◆ **Instructions for the task**: Scan the records below for the line containing "Discover lucrative medical" and the line containing "The Subaru Baja.". Copy both, plus every line between, exactly.

◆ **Material to process**:
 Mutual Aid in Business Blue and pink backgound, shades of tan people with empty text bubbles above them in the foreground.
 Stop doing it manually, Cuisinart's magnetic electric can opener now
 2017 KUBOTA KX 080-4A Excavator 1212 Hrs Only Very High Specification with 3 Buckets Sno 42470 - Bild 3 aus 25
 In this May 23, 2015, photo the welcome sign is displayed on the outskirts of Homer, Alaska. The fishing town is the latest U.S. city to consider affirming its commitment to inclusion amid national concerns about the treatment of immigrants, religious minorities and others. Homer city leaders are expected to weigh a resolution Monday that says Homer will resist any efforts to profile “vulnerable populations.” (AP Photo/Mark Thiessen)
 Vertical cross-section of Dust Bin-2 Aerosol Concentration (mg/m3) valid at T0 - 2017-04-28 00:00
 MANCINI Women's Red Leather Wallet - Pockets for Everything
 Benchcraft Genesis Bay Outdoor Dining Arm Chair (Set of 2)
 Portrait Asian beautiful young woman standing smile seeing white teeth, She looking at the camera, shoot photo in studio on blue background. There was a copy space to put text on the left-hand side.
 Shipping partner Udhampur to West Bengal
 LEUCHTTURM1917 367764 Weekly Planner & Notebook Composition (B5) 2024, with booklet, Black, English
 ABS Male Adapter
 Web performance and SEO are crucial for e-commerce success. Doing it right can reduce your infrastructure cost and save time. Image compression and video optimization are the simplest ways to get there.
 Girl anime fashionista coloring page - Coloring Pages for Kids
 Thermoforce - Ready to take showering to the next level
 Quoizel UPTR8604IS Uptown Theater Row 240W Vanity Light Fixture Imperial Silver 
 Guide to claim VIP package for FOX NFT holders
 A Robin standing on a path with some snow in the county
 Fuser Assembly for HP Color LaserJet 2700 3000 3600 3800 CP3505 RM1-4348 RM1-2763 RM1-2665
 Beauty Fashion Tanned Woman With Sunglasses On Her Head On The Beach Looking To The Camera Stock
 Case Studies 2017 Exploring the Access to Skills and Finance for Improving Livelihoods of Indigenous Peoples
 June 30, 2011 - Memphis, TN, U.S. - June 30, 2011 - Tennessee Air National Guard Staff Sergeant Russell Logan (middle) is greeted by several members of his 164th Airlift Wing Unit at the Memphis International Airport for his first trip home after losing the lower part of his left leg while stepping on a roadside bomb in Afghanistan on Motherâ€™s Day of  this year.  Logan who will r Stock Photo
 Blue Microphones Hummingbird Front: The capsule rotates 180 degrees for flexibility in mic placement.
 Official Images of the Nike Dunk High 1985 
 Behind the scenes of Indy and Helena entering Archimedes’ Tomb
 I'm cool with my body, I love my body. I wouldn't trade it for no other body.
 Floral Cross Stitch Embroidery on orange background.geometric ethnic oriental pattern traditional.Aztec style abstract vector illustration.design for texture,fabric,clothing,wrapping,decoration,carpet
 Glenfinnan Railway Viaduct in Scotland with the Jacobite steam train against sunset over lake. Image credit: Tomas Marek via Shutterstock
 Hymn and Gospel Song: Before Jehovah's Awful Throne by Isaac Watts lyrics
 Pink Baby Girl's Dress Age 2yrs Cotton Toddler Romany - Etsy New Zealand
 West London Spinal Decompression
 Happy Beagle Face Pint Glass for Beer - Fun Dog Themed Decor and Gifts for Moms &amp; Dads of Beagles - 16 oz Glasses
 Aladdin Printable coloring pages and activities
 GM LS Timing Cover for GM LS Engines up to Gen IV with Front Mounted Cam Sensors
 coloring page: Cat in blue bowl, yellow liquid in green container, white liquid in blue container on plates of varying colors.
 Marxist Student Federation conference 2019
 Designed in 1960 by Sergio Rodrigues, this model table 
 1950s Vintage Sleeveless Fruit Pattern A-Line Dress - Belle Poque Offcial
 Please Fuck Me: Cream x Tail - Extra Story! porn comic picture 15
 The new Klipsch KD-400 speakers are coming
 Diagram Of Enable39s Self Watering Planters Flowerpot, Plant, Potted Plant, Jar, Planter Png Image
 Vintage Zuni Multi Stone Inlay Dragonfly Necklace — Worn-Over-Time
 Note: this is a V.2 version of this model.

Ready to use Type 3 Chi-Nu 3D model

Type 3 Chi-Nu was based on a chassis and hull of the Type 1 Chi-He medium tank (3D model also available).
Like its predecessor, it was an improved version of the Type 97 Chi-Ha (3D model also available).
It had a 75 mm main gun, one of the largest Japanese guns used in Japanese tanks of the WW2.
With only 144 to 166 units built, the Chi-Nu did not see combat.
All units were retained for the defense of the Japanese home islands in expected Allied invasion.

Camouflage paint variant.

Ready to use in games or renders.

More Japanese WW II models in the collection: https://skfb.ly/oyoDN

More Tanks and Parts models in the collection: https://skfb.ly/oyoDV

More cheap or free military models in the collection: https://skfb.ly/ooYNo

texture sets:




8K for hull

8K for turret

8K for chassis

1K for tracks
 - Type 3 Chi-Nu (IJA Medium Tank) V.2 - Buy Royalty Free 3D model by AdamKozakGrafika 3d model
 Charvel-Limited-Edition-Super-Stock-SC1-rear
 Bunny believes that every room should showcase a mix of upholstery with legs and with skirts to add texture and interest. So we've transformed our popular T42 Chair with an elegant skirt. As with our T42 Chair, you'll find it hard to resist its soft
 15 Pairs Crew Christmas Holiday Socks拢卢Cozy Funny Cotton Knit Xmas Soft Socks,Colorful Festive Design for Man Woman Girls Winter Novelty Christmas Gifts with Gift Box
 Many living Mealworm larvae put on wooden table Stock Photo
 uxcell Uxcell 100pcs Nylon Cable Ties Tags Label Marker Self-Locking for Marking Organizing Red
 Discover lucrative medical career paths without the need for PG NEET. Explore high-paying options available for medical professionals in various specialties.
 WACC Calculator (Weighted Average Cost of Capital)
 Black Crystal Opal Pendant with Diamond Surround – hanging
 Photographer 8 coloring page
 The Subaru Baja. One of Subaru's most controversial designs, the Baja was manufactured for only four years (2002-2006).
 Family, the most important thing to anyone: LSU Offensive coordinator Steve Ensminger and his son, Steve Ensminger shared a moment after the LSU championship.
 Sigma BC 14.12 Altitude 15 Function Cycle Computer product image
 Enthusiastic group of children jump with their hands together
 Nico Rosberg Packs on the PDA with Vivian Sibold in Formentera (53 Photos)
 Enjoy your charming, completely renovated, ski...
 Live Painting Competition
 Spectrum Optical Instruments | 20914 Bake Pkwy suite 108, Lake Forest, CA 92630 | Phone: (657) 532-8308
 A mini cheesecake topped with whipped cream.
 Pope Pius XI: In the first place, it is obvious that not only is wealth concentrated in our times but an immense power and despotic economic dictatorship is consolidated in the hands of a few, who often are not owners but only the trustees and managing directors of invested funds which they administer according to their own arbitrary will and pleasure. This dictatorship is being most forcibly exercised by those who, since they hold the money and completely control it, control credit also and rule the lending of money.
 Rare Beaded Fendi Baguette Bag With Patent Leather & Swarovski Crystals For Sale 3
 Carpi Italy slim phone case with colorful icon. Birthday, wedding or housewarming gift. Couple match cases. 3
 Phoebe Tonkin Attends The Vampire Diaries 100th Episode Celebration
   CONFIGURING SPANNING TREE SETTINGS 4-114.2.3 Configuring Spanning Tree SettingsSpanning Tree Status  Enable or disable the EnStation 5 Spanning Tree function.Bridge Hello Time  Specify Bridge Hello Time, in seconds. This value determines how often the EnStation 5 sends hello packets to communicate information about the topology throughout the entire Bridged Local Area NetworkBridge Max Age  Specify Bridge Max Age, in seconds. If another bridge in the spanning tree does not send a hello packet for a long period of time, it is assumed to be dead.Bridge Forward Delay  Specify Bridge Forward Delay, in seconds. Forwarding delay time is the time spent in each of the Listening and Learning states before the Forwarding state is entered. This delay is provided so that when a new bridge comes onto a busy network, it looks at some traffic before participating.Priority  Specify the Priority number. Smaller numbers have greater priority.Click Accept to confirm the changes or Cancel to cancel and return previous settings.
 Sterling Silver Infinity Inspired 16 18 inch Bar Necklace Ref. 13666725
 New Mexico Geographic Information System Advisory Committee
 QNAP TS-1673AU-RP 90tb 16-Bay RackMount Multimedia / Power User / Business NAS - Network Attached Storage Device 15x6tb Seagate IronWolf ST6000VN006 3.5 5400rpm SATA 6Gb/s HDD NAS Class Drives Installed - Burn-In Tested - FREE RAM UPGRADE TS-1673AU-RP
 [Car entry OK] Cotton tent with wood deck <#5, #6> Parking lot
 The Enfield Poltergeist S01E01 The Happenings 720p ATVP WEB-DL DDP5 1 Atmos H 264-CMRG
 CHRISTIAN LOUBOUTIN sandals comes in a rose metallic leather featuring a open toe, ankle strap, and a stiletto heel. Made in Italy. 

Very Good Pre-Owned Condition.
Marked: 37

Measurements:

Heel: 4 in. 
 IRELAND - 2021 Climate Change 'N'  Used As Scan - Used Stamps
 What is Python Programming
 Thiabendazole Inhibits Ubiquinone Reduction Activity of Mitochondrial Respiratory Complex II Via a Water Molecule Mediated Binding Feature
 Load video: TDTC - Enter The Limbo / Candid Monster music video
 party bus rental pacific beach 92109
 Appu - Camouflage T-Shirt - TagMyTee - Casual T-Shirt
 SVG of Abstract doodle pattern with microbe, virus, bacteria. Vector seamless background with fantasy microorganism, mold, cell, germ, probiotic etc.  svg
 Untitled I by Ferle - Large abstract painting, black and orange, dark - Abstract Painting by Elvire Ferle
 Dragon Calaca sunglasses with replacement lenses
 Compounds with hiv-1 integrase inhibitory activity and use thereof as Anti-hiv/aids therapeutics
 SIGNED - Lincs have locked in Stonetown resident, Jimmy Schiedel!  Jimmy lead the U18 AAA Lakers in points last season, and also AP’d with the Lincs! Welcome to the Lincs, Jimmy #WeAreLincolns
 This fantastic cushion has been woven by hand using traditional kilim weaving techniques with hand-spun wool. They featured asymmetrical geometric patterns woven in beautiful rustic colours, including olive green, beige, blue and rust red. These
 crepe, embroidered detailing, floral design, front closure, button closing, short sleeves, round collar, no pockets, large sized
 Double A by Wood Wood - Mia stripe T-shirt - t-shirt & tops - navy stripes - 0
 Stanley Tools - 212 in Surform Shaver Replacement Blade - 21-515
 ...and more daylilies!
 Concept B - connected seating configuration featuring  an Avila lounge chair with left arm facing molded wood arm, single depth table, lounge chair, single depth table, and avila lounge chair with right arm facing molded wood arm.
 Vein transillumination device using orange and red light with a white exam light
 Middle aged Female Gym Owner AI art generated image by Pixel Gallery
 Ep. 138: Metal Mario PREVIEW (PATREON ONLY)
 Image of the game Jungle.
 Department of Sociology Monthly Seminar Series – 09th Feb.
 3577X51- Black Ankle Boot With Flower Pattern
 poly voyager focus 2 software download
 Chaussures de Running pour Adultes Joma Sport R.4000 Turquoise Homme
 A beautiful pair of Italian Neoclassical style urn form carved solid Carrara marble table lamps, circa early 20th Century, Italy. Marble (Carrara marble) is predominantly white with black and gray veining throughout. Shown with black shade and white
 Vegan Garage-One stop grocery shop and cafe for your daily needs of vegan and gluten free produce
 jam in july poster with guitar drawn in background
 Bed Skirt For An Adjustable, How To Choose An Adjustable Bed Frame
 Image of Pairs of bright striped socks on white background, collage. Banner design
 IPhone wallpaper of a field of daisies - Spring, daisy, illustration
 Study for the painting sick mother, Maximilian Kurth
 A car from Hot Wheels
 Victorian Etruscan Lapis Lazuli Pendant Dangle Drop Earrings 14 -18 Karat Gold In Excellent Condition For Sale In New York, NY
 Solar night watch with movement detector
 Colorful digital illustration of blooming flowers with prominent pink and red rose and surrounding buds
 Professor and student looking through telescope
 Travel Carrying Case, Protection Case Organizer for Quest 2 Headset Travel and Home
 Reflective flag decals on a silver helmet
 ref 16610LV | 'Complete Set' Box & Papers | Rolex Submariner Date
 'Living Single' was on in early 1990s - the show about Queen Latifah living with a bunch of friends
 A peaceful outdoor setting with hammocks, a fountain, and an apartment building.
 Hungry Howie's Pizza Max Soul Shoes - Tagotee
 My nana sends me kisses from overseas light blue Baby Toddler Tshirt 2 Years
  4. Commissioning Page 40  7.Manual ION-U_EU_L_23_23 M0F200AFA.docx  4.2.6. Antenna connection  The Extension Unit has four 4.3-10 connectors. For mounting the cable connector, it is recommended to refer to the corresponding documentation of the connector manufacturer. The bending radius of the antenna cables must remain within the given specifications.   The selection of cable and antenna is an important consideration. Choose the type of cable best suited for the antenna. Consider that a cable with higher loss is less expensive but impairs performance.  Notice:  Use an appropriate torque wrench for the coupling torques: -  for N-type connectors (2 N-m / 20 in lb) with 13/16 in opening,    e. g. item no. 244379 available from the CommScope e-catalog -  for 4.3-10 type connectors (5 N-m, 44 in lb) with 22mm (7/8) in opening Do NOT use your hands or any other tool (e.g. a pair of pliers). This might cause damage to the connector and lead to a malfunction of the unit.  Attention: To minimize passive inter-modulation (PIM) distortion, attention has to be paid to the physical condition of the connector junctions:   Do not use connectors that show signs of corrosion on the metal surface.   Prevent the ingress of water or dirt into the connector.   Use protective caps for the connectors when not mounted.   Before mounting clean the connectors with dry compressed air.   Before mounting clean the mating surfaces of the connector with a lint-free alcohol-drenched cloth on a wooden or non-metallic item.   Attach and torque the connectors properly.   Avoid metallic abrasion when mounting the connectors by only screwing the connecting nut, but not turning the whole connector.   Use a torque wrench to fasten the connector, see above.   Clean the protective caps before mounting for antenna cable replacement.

◆ **Expected answer**:
 Discover lucrative medical career paths without the need for PG NEET. Explore high-paying options available for medical professionals in various specialties.
 WACC Calculator (Weighted Average Cost of Capital)
 Black Crystal Opal Pendant with Diamond Surround – hanging
 Photographer 8 coloring page
 The Subaru Baja. One of Subaru's most controversial designs, the Baja was manufactured for only four years (2002-2006).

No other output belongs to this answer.